▶ [What the task requires] Look below for the line with "Karosa, Nézsai Önkéntes"; begin the copy there and stop after the line with "Keywords: tûzoltó tûzoltóautó", keeping the text exact and the pictures out.

▶ [Information supplied]
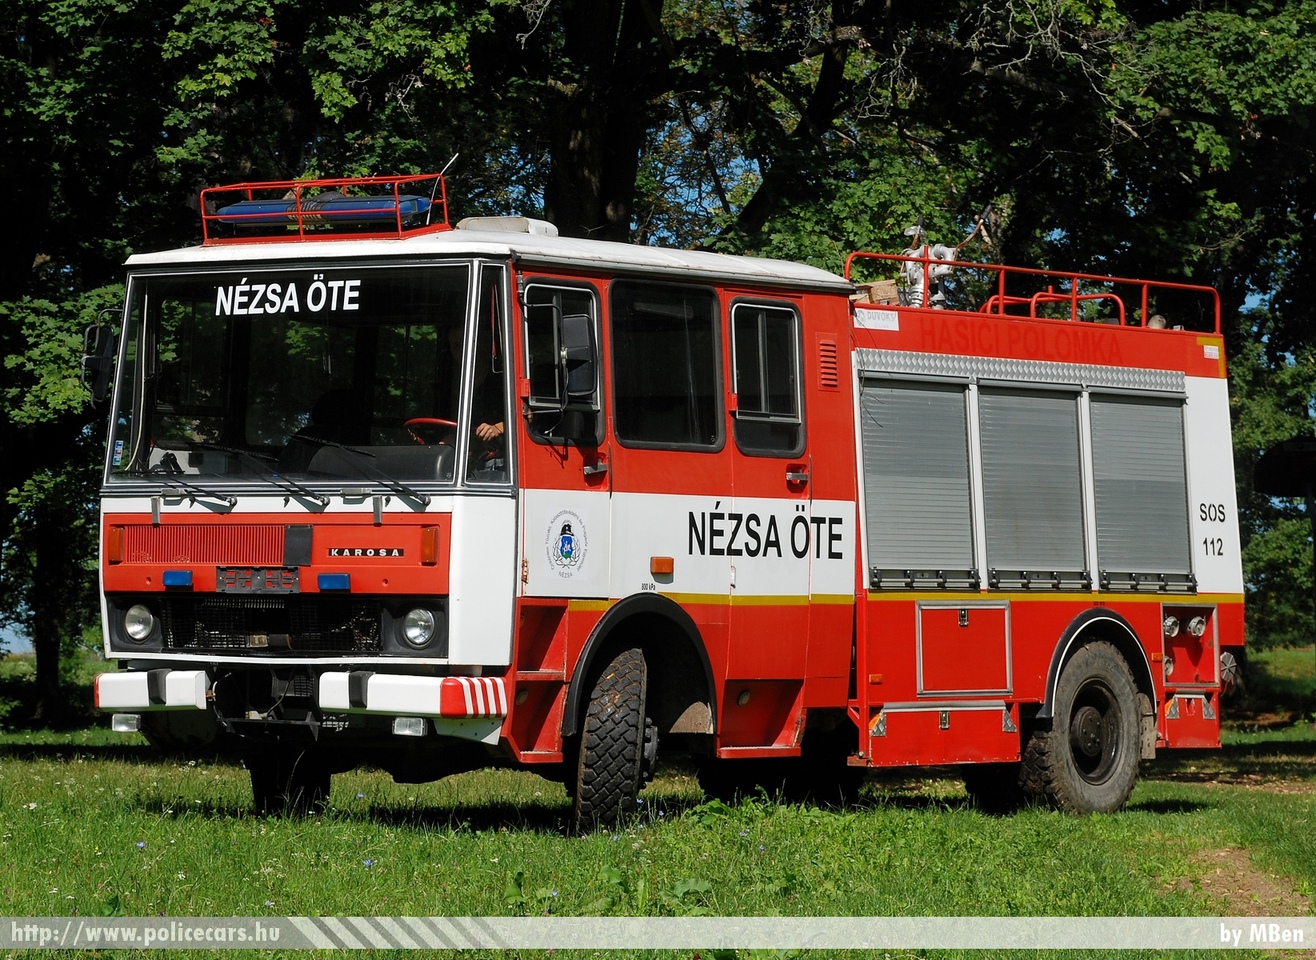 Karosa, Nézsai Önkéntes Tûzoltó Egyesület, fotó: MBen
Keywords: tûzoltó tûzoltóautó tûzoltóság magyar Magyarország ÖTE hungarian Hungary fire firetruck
---
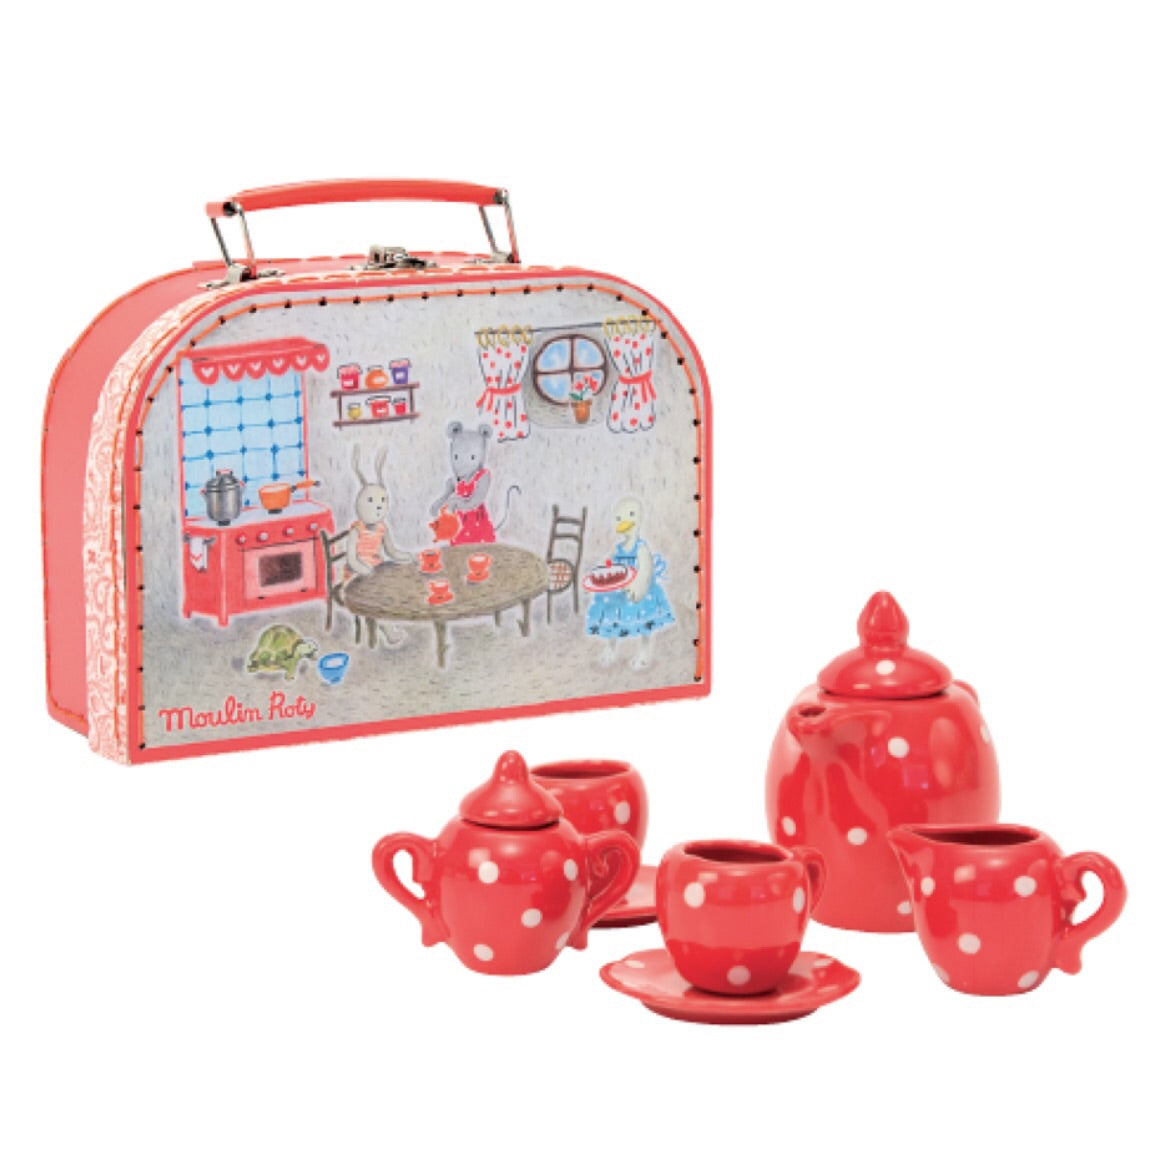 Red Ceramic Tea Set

▶ [Reply to the exercise]
 Karosa, Nézsai Önkéntes Tûzoltó Egyesület, fotó: MBen
Keywords: tûzoltó tûzoltóautó tûzoltóság magyar Magyarország ÖTE hungarian Hungary fire firetruck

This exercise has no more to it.